Task description: When the material ends, stop; until then, set down every line exactly.

Dataset:
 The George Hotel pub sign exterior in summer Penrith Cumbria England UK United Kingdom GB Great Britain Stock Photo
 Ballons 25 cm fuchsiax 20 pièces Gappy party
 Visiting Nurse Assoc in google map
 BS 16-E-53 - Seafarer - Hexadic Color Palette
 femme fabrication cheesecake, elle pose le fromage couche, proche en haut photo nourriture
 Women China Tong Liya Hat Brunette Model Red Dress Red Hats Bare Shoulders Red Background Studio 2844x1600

Finished exercise:
 The George Hotel pub sign exterior in summer Penrith Cumbria England UK United Kingdom GB Great Britain Stock Photo
 Ballons 25 cm fuchsiax 20 pièces Gappy party
 Visiting Nurse Assoc in google map
 BS 16-E-53 - Seafarer - Hexadic Color Palette
 femme fabrication cheesecake, elle pose le fromage couche, proche en haut photo nourriture
 Women China Tong Liya Hat Brunette Model Red Dress Red Hats Bare Shoulders Red Background Studio 2844x1600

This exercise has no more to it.